Friedman, D.H. (1976, February). “Pollster Lou Harris feels the ‘adrenaline’ flowing as the campaign tests his predictions again.” People. Retrieved August 15, 2021, from https://people.com/archive/pollster-lou-harris-feels-the-adrenaline-flowing-as-the-campaign-tests-his-predictions-again-vol-5-no-4/

DeMaris, A. (1993). “Odds versus probabilities in logit equations: a reply to Roncek.” Social Forces, 4, 1, pp. 1057-1065.

Gelman, A., and Hill, J. (2009). Data Analysis Using Regression And Multilevel/Hierarchical Models. Cambridge, U.K.: Cambridge University Press.

Harris, L. (2007). Personal communication to George Terhanian.
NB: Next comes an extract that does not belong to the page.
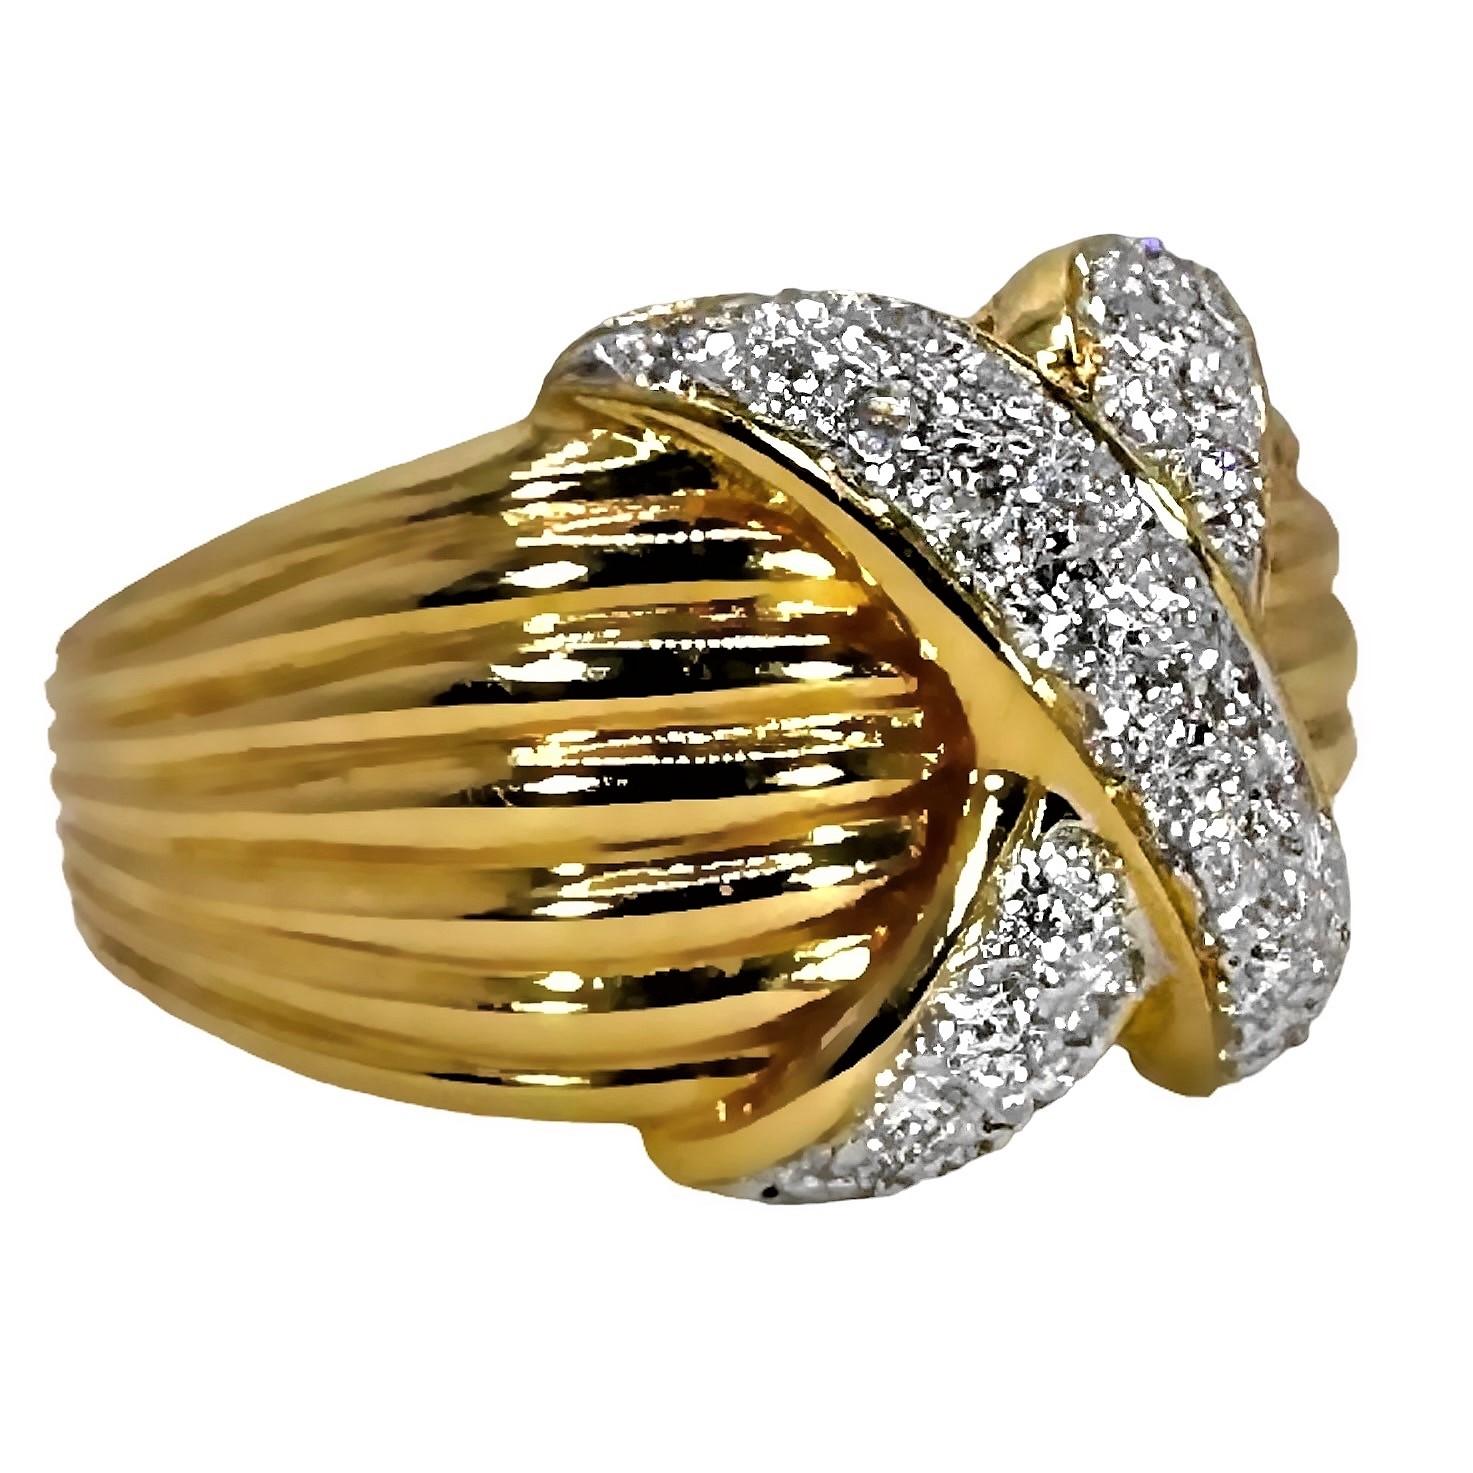 A stylized 18K yellow gold ring, with an

Pew Research Center (2017). Automation in Everyday Life. Pew Research Center. Retrieved August 18, 2018, from http://assets.pewresearch.org/wp-content/uploads/sites/14/2017/10/03151500/PI_2017.10.04_Automation_FINAL.pdf

Poynter, R. (2021). “Market research: A state of the nation review.” International Journal of Market Research, 63(4), 403-407.

Spartacus Educational (no date). George Gallup. Retrieved August 15, 2021, from https://spartacus-educational.com/SPYgallup.htm

Terhanian, G. (2019). “The possible benefits of reporting percentage point effects.” International Journal of Market Research, 61(6), 635-650.

Williams, R. (2012). “Using the margins command to estimate and interpret adjusted predictions and marginal effects.” The Stata Journal, 12 (2), 308-331. College Station, Texas: Stata Press.